PROBLEM:
Would you print the listing that follows exactly, but without its pictures?
:: SOURCE DATA
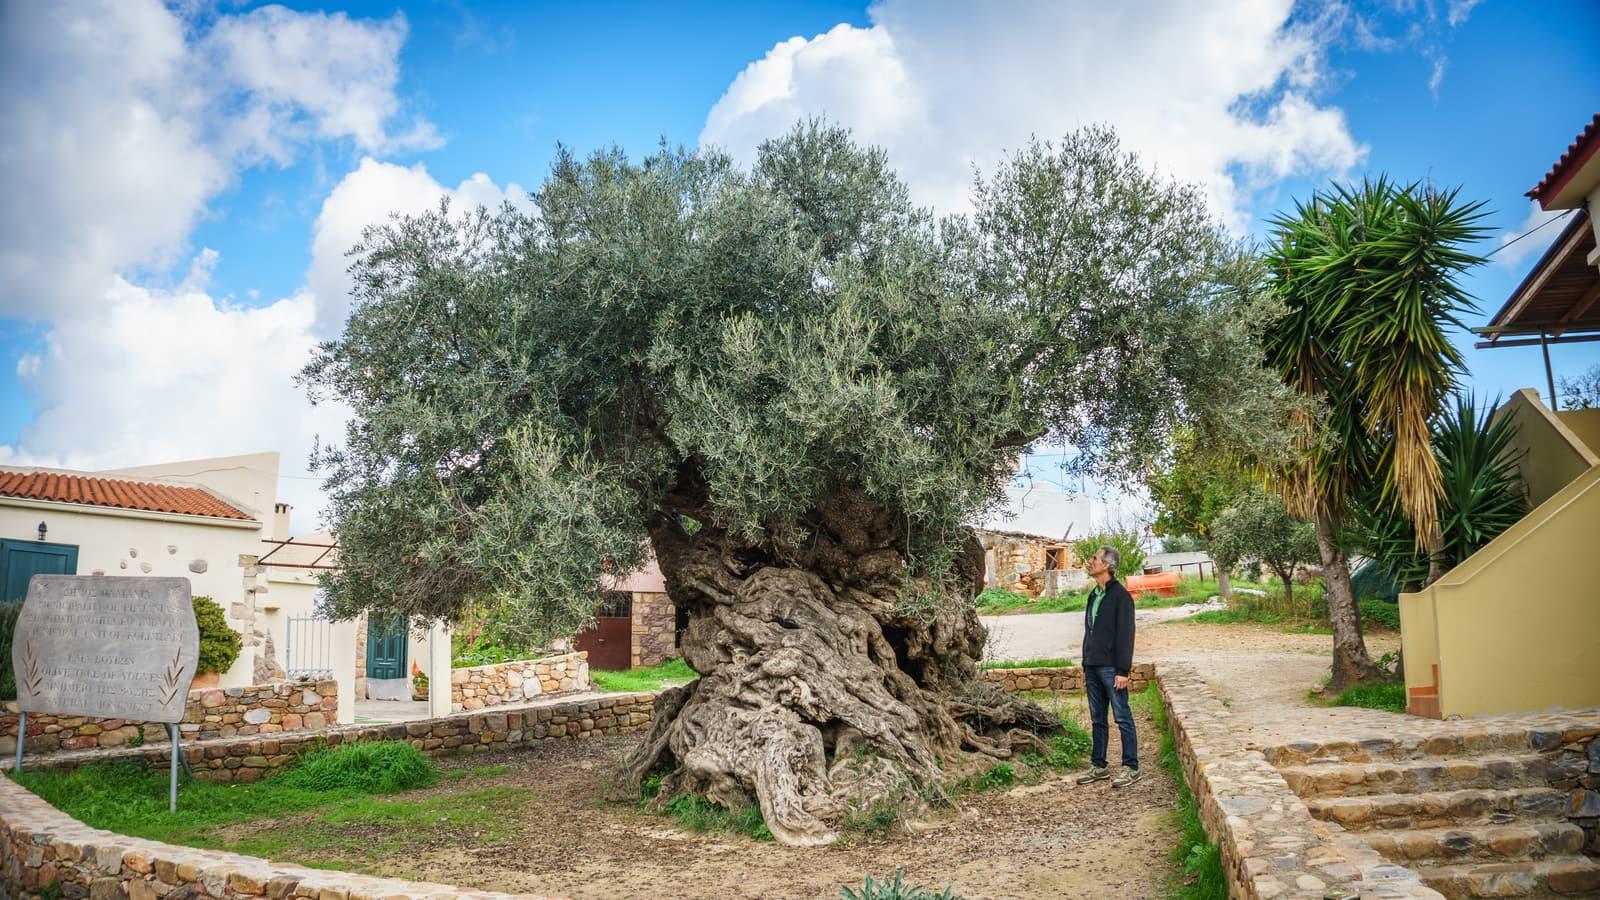 olivenbaum-jannis
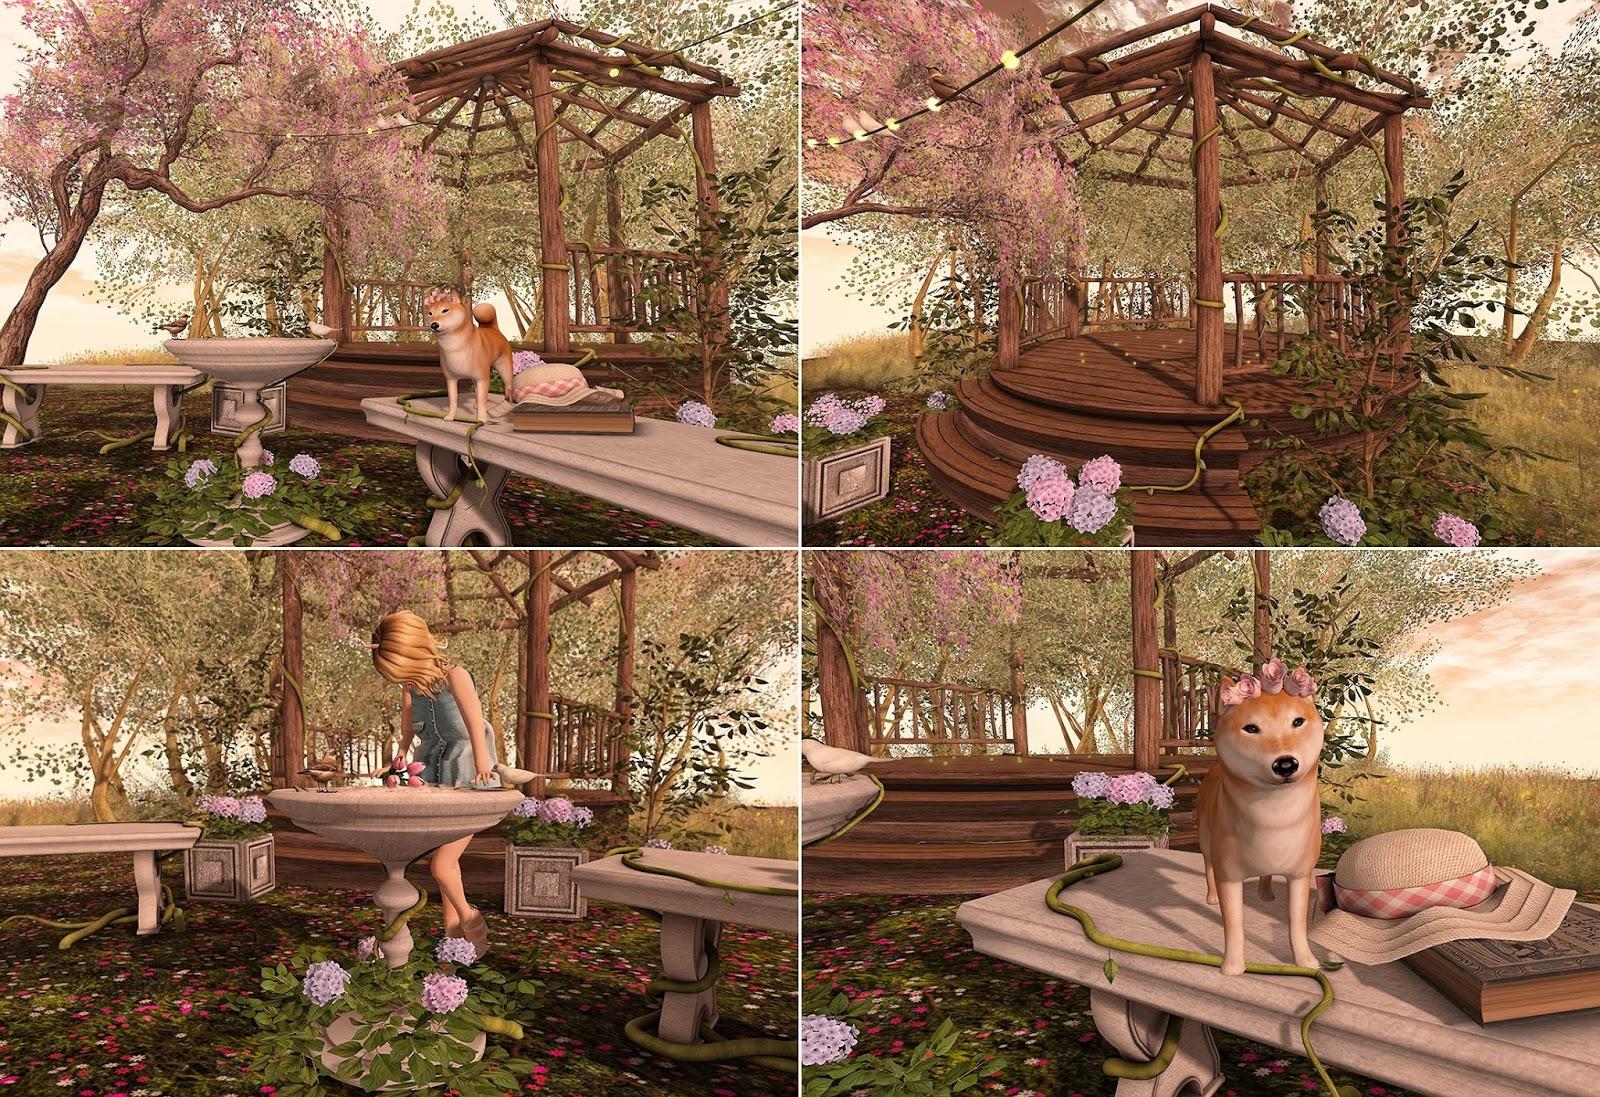 My Secret Garden: Cinderella Fashionista: ♫My Secret Garden's Not So Secret
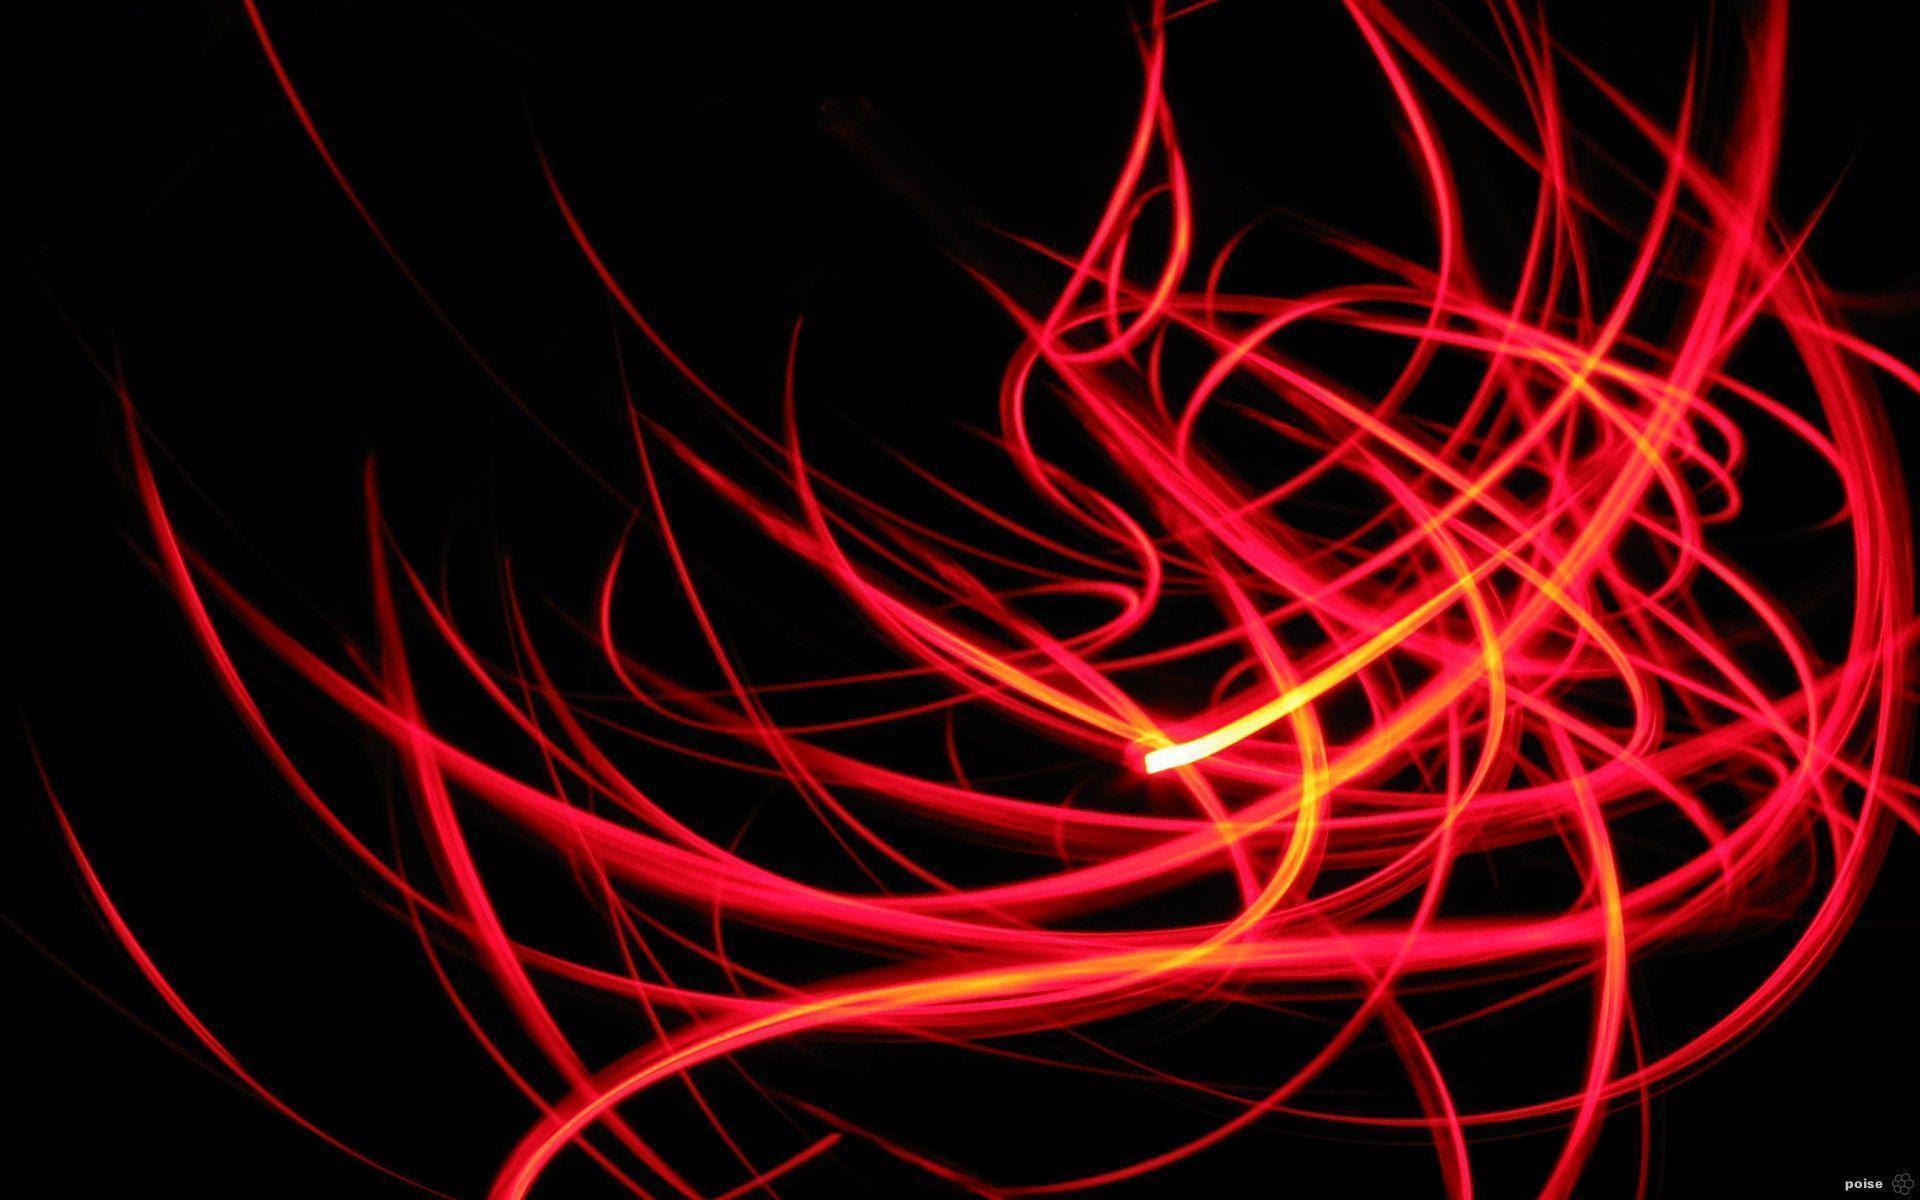 Download 650 Koleksi Wallpaper Hitam Neon Paling Keren
::::
ANSWER TO THIS TASK:
 olivenbaum-jannis
 My Secret Garden: Cinderella Fashionista: ♫My Secret Garden's Not So Secret
 Download 650 Koleksi Wallpaper Hitam Neon Paling Keren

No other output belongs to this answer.